▶ _Assignment_
In the listing below, find the line with "50 Pcs Black" and copy every line from there up to and including the line with "Paiste 17in Signature", exactly and without pictures.

▶ _Available records_
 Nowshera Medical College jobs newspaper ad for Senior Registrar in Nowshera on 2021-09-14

==

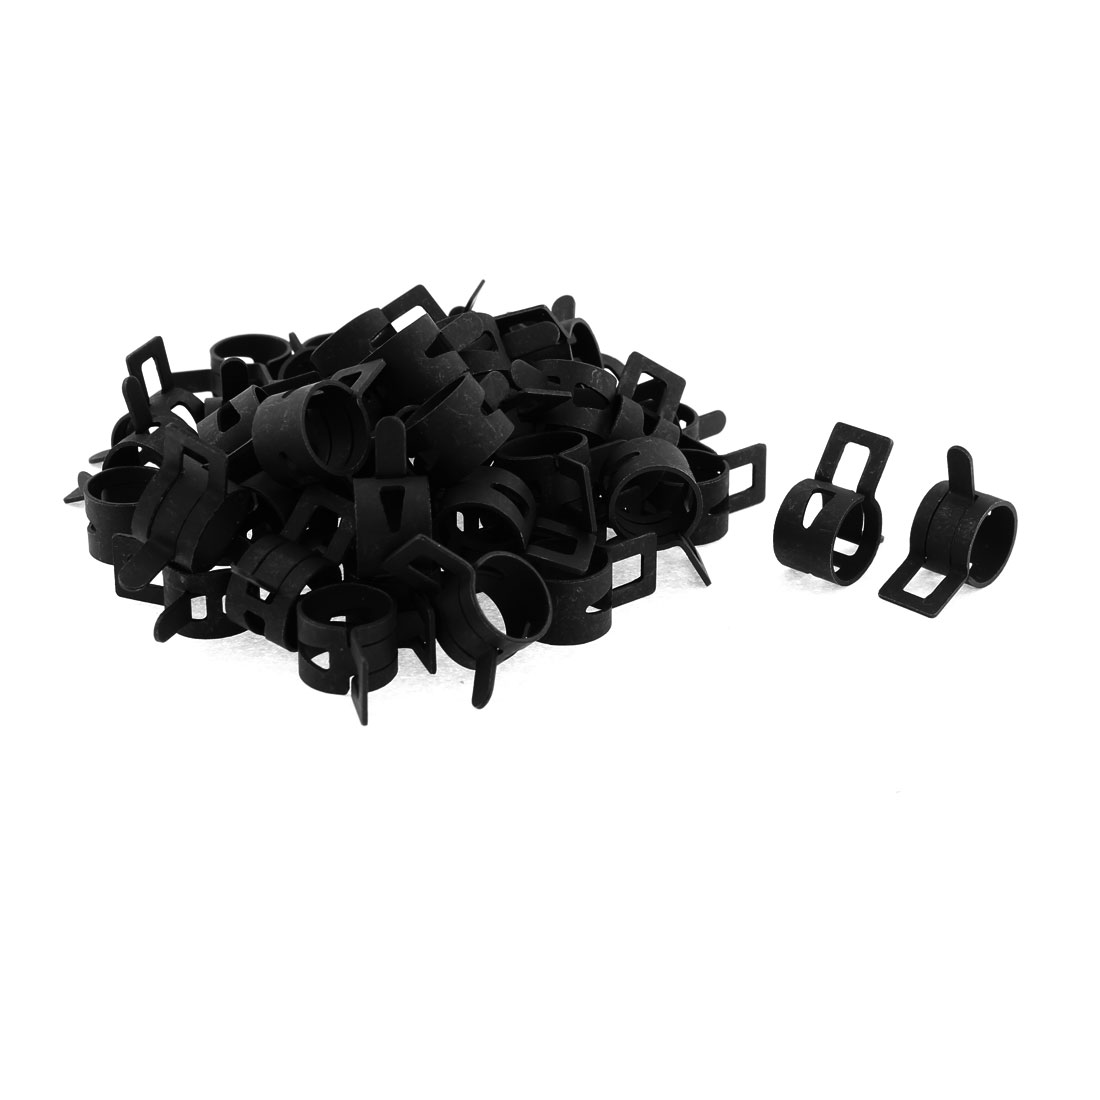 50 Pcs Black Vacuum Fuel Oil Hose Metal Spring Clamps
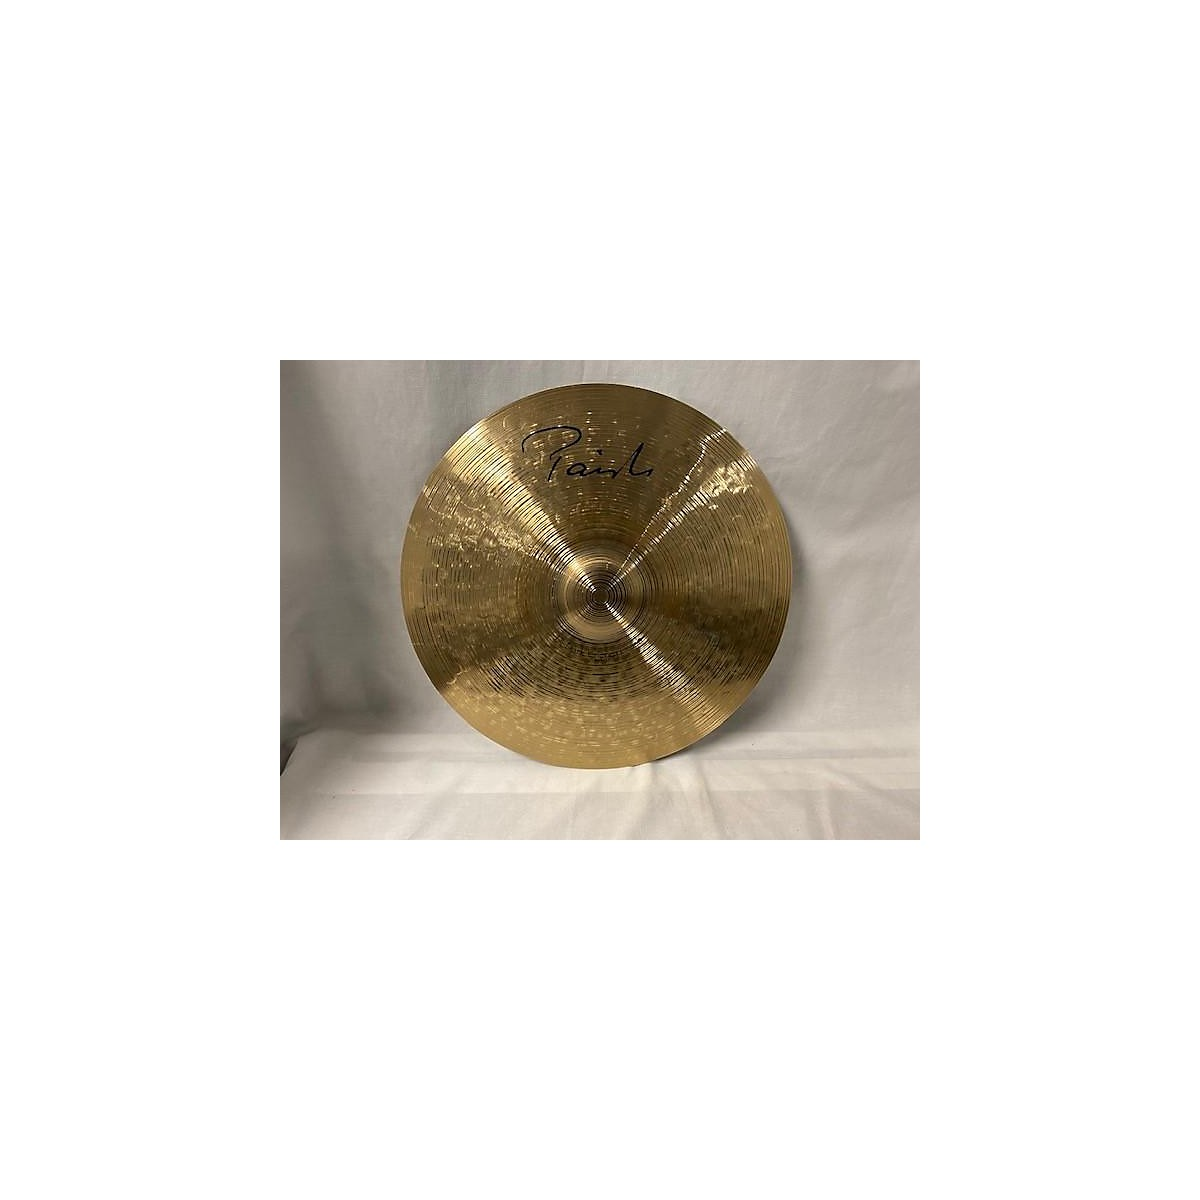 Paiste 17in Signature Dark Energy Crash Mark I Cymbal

▶ _Solution_
 50 Pcs Black Vacuum Fuel Oil Hose Metal Spring Clamps
 Paiste 17in Signature Dark Energy Crash Mark I Cymbal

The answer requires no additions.